GitHub is one of the largest collection of open source software in the world (Borges et al., 2016). One feature of hosted repositories in Github is that they allow GitHub users to *star* them, which is mainly used for fellow developers to show appreciation, manifest interest or satisfaction with the current project, or bookmark a certain repository for future utility (Begel et al., 2013). Past research had shown that factors, such as programming languages, number of forks, number of commits, application domains, and so on, may affect the number of stars a GitHub repository obtains, according to Borges et al. (2016).

Our project further investigated potential statistical models on various factors that might relate to numbers of stars in popular GitHub repositories, based on a dataset of information of the most popular GitHub repositories. The dataset we are using is the Most Popular Github Repositories (Projects) dataset from Kaggle (URL: https://www.kaggle.com/datasets/donbarbos/github-repos/data), which contains a list of top GitHub project repositories by the number of stars. The data is collected using GitHub search API and the query function to obtain projects with over 167 stars.

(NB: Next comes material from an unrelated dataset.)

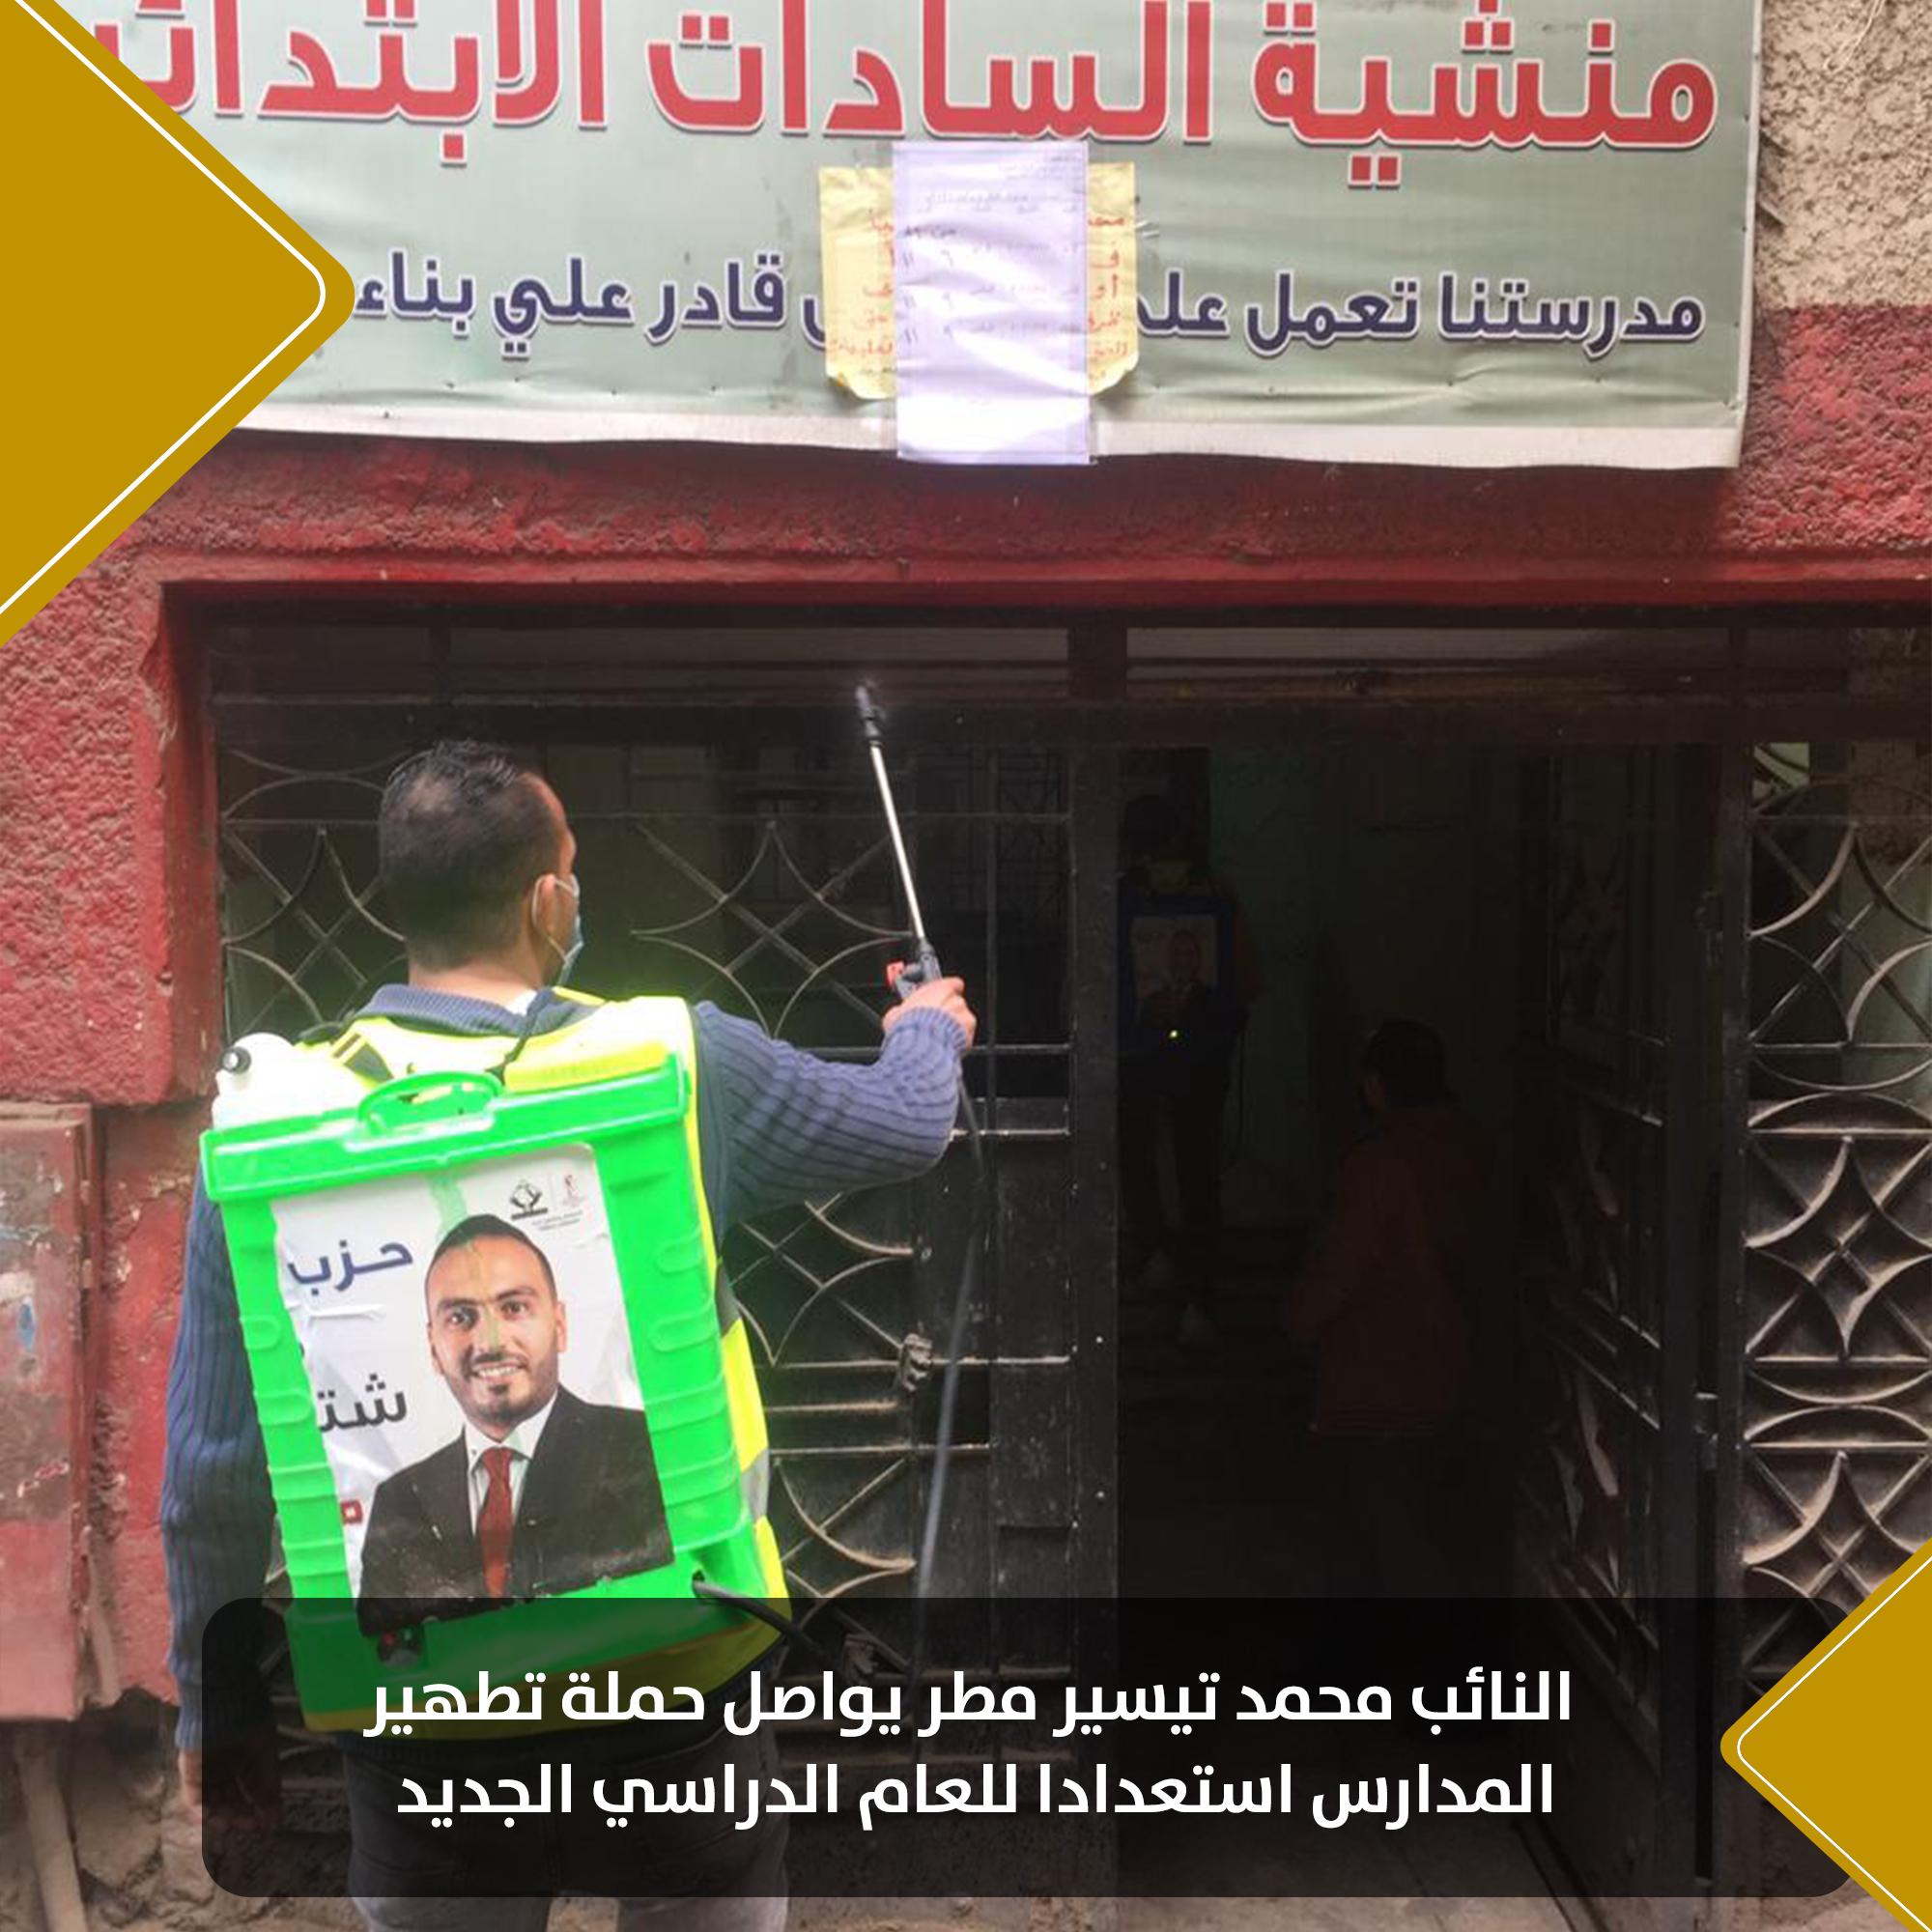 النائب محمد تيسير مطر يواصل حملة تطهير المدارسس (8)

The repositories dataset consists of 215,029 project repositories (i.e., rows/observations) and 24 columns (i.e., variables) in total. Of the 24 columns, there are five columns containing the integer type of data of repositories: Size, Stars, Forks, Issues, and Watchers, and the data type of the rest 19 variables are characters. Of the 19 columns, there are nine binary variables that contain data coded as "True" or "False" - Has.Issues, Has.Projects, Has.Downloads, Has.Wiki, Has.Pages, Has.Discussions, Is.Fork, Is.Archived, and Is.Template. There are also two columns, consisting temporal data as character data type, within the rest ten variables: Created.At and Updated.At.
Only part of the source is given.